[Saved entries]
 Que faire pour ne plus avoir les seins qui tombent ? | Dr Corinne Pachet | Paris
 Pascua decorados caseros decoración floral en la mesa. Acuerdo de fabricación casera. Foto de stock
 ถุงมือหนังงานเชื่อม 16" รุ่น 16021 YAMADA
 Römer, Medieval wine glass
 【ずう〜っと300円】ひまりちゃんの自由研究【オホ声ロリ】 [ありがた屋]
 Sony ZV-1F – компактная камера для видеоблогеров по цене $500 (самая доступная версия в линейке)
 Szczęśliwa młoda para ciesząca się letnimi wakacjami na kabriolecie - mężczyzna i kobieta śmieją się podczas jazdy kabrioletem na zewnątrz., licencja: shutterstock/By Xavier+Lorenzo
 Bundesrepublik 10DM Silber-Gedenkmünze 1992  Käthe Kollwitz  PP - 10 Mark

ACTION ITEM
What you give back should be exactly the lines of the entries above from the one containing "รุ่น 16021 YAMADA" to the end, and nothing more.

REPLY
 ถุงมือหนังงานเชื่อม 16" รุ่น 16021 YAMADA
 Römer, Medieval wine glass
 【ずう〜っと300円】ひまりちゃんの自由研究【オホ声ロリ】 [ありがた屋]
 Sony ZV-1F – компактная камера для видеоблогеров по цене $500 (самая доступная версия в линейке)
 Szczęśliwa młoda para ciesząca się letnimi wakacjami na kabriolecie - mężczyzna i kobieta śmieją się podczas jazdy kabrioletem na zewnątrz., licencja: shutterstock/By Xavier+Lorenzo
 Bundesrepublik 10DM Silber-Gedenkmünze 1992  Käthe Kollwitz  PP - 10 Mark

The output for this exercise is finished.